Robin Shen commented 1 month ago

OneDev get group ids via groups claim, then calls ms graph api to get associated group names. And OneDev account will be assigned to same OneDev group if it exists.

The code to call ms graph api to get group names:

https://code.onedev.io/onedev/server/~files/afbe48836d390633cc1fd87fa38e8ff4ca19a563/server-plugin/server-plugin-sso-openid/src/main/java/io/onedev/server/plugin/sso/openid/EntraIdConnector.java?position=source-111.1-151.3-1

Tobias commented 1 month ago

The code helped to solve the problem, thank you very much. We have now used the single sign-on provider OpenID. Now all groups of the user who wants to log in to OneDev using EntraID are queried.
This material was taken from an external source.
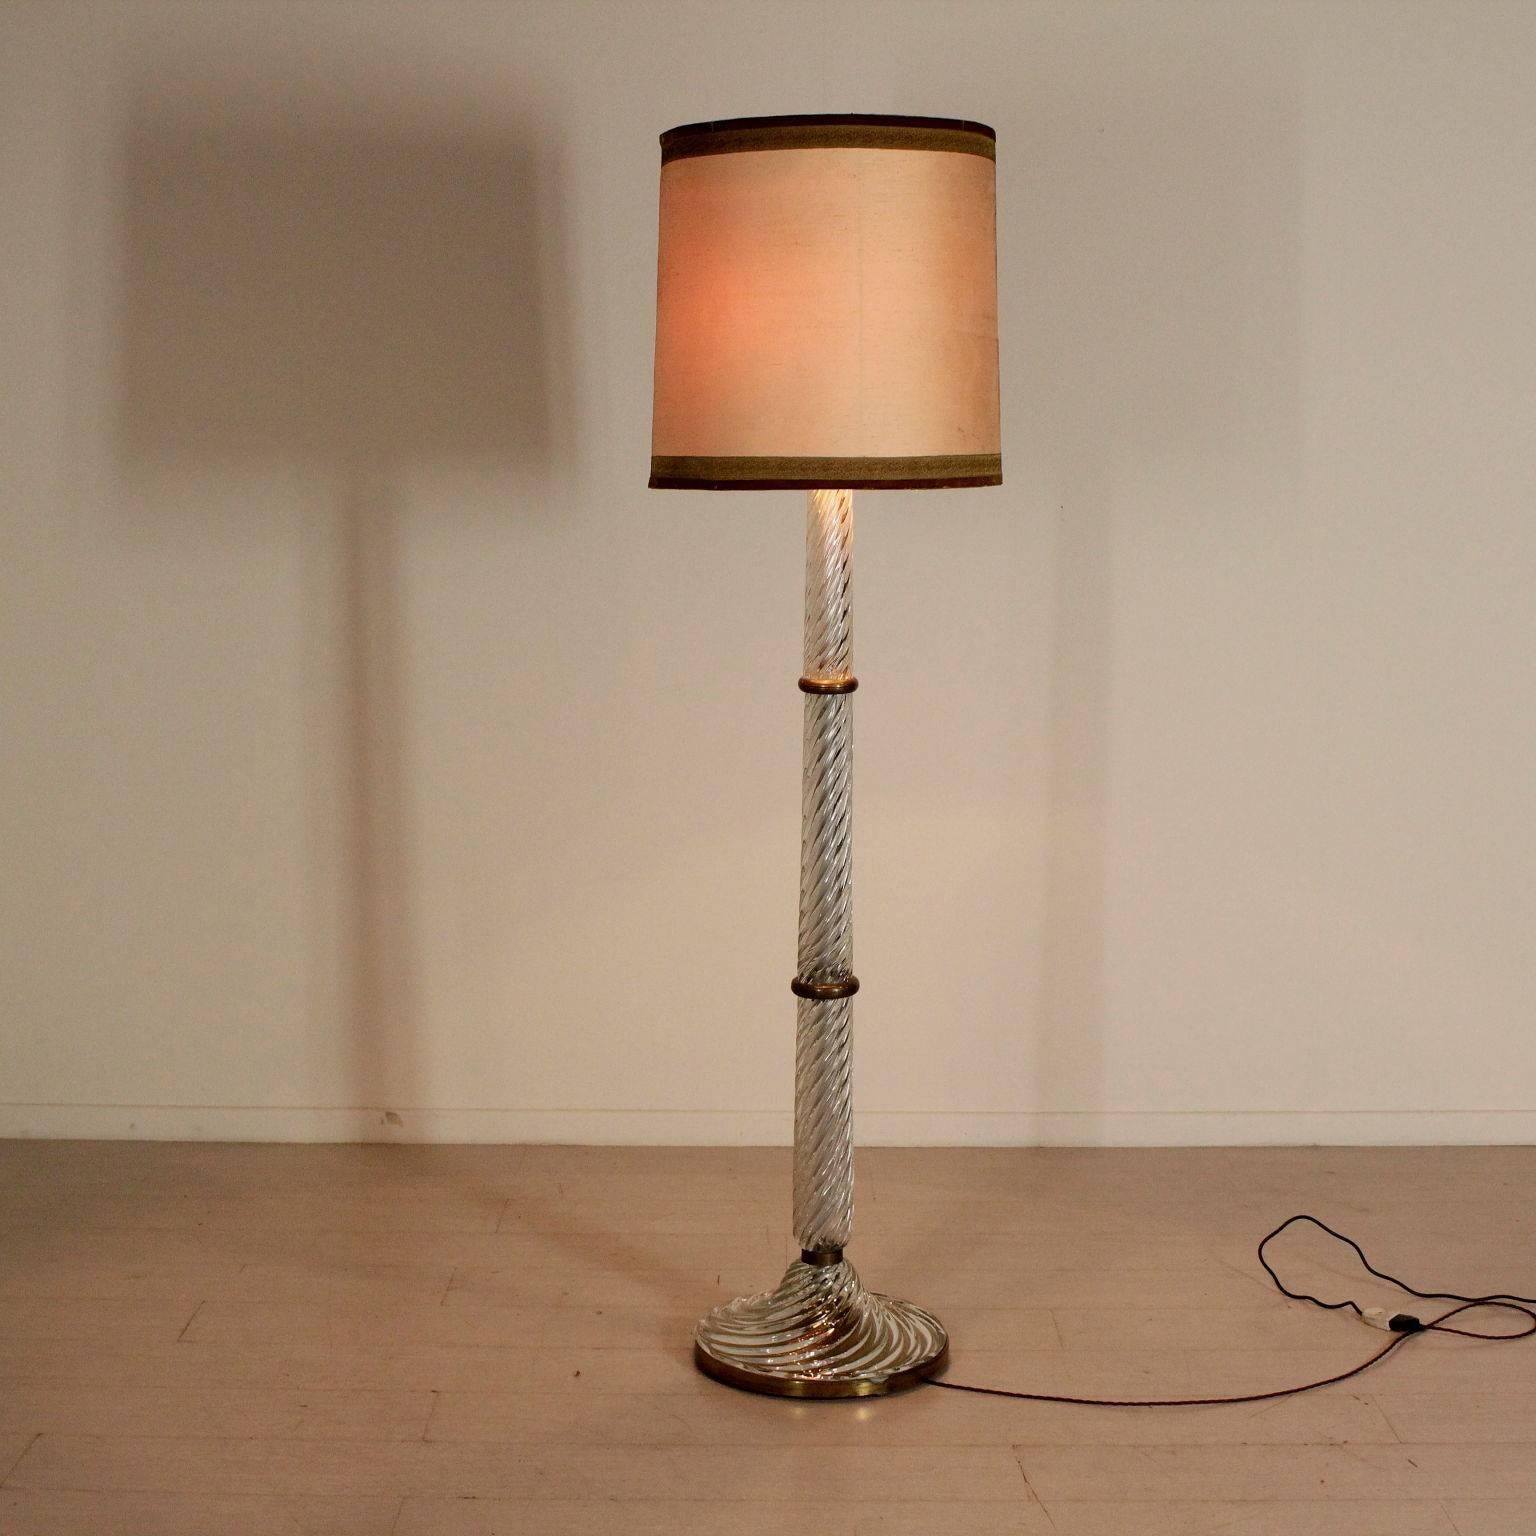 A floor lamp made of blown glass, brass, fabric lampshade. Manufactured in Italy, 1940s.
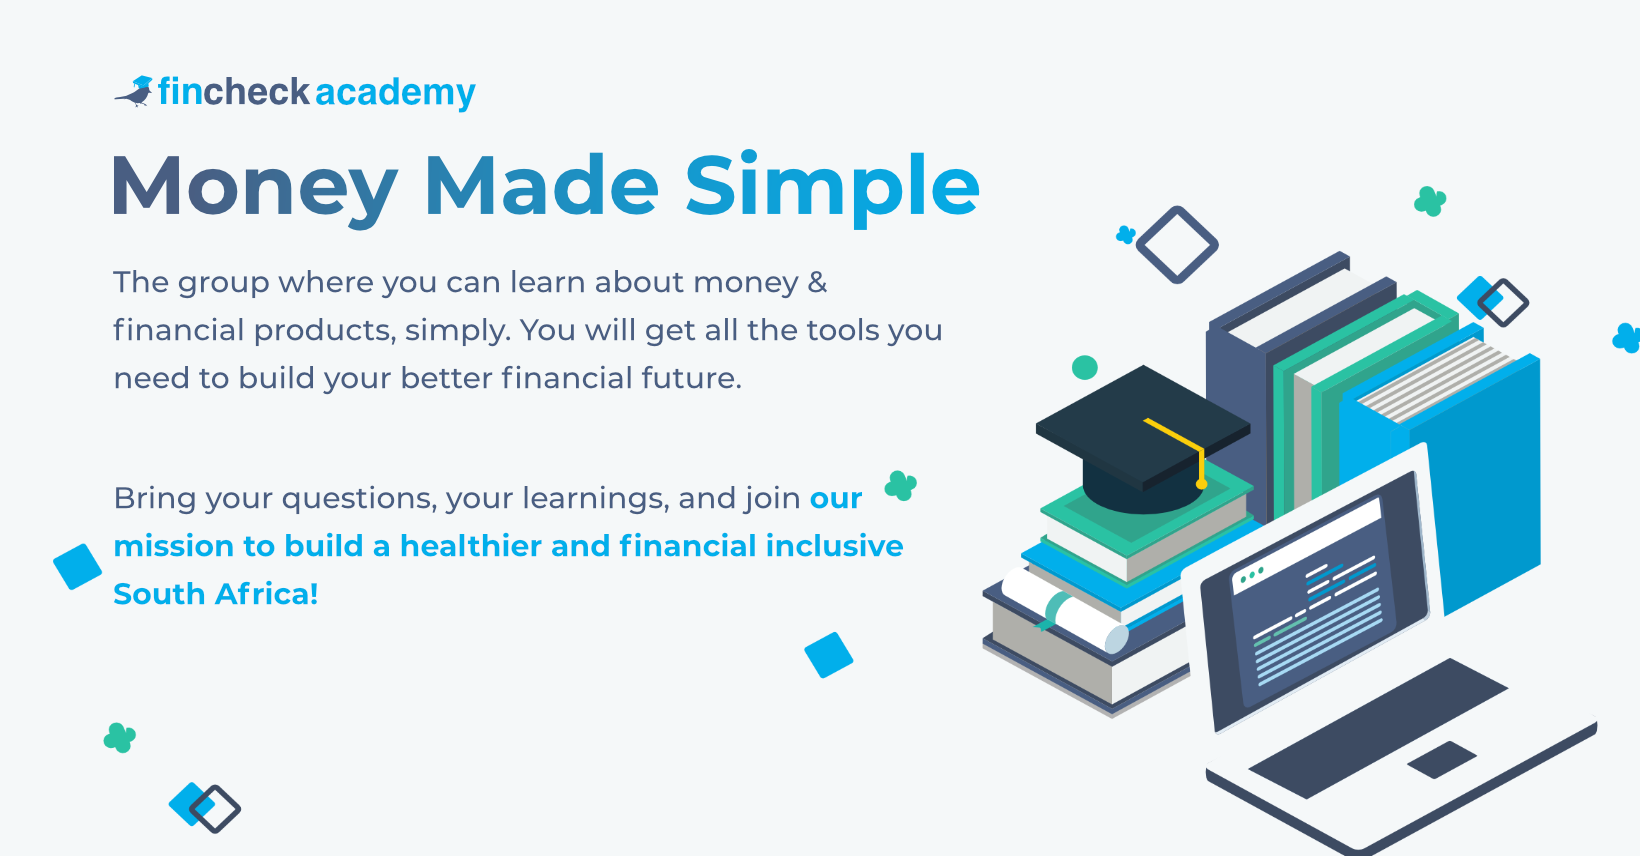 Money Made Simple - Fincheck Academy

We have entered the following data:

  • Configuration Discovery URL: https://login.microsoftonline.com/(Tenant ID)/v2.0/.well-known/openid-configuration
  • Client ID: Application Client ID
  • Client Secret: Value (Client Secret)
  • Request Scopes: openid email profile
  • Group Claim: groups

The following settings are set for the groups claim:

  • ID: sAMAccountName
  • Access: Group ID
  • SAML: Group ID
Robin Shen commented 1 month ago

So at your side, the id token will return group name directly instead of group uuid, and you don't need to call graph api to convert to group name?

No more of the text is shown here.